Irvington High School senior named a semifinalist in Regeneron science competition

Irvington High School senior Rishit Gupta was named a top scholar in the 79th annual Regeneron Science Talent Search.

Rishit Gupta, a senior and member of the Irvington High School Science Research Program, was named a top scholar in the 79th annual Regeneron Science Talent Search.

He is among 300 semifinalists nationwide who were selected from an applicant pool of 1,993 students based on their exceptional research skills, commitment to academics, innovative thinking and promise as scientists.

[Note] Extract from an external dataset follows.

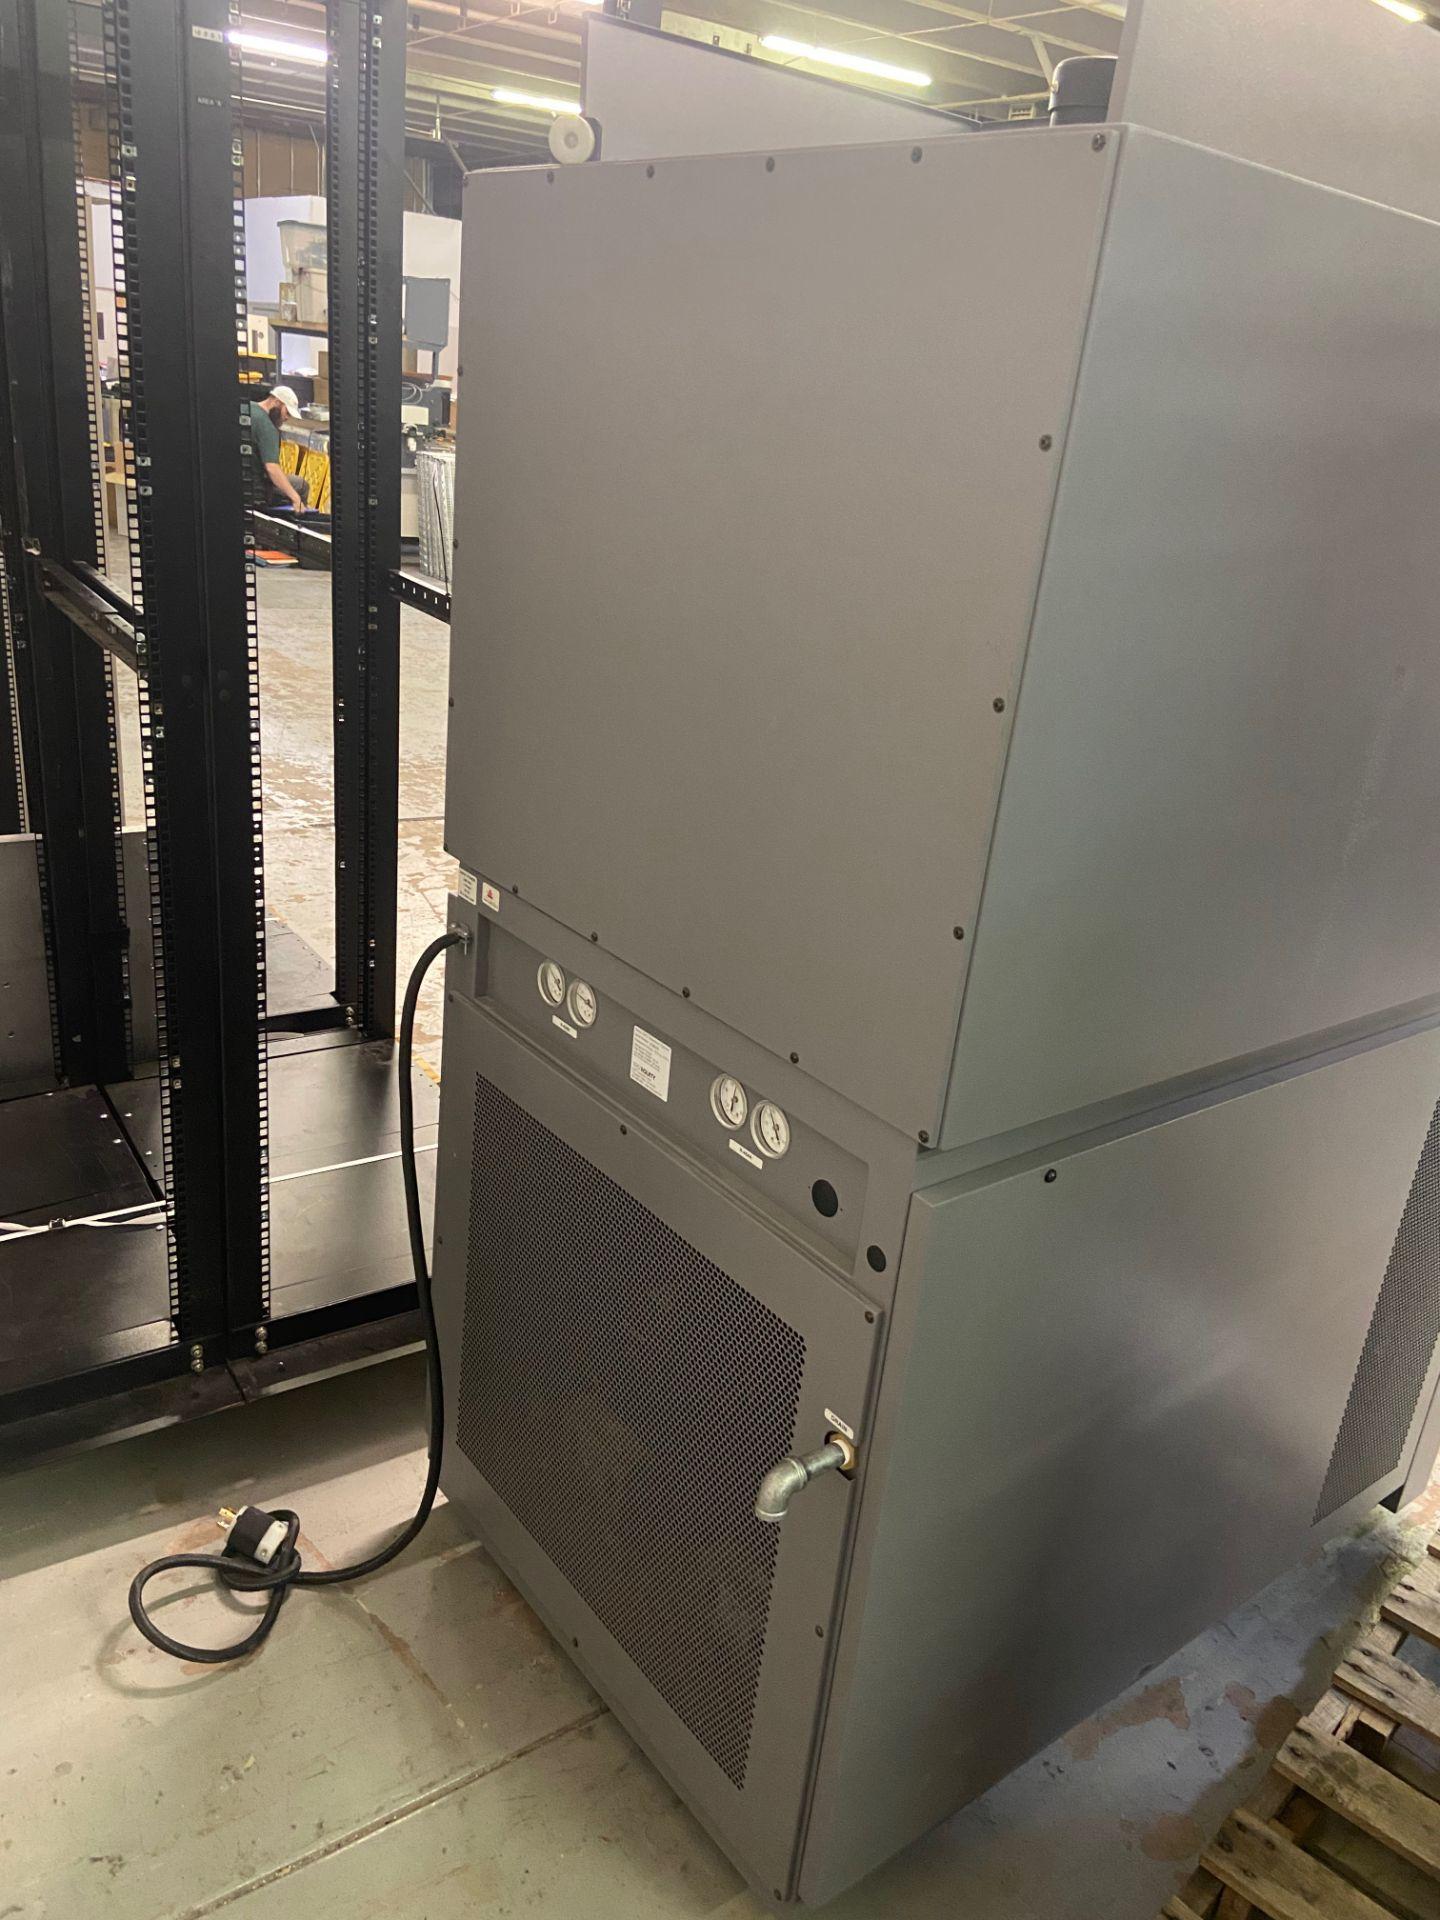 TestEquity Temperature Chamber, Model# 1007C, Serial# 10940, Temp Range: -75C to +175C, 208V, Single - Image 8 of 12

“We are so incredibly proud of Rishit on this extraordinary accomplishment,” said teacher Stephanie Schilling, who oversees the program along with teachers Nadia Parikka and Geraldine Winterroth. “It has been a pleasure to watch him develop into a young scientist through the Science Research program. Rishit has put countless hours into his research and scientific paper. His hard work and dedication are admirable.”

Gupta’s research, “Error Correction Using a Repetition Code on the 14 qubit IBMQ Melbourne Quantum Computer,” explored the field of quantum computing, whose basic goal is to develop more powerful computers using the principles of quantum mechanics.

“The main potential for quantum computers comes from a concept called entanglement, which basically allows the computer to do many calculations simultaneously, a feat your PC is unable to do,” Gupta said. “My research focused on addressing the large amounts of error in the

quantum systems of the computer, which is the biggest obstacle in realizing a large-scale quantum computer. By testing a software called repetition code on the IBMQ Melbourne quantum computer, I was able to prove the effectiveness of such error-correcting codes for future research.”

The Regeneron Science Talent Search, which was founded in 1942, is considered the nation’s oldest and most prestigious science and math competition for high school seniors. As a semifinalist, Gupta will receive $2,000, plus a matching amount for the school’s Science Research Program.

On Jan. 22, 40 of the top 300 scholars will be named finalists and will be invited to Washington, D.C., from March 5-11 to undergo a rigorous judging process, display their research for the public and meet with leading scientists. The finalists will compete for more than $1.8 million in awards provided by Regeneron.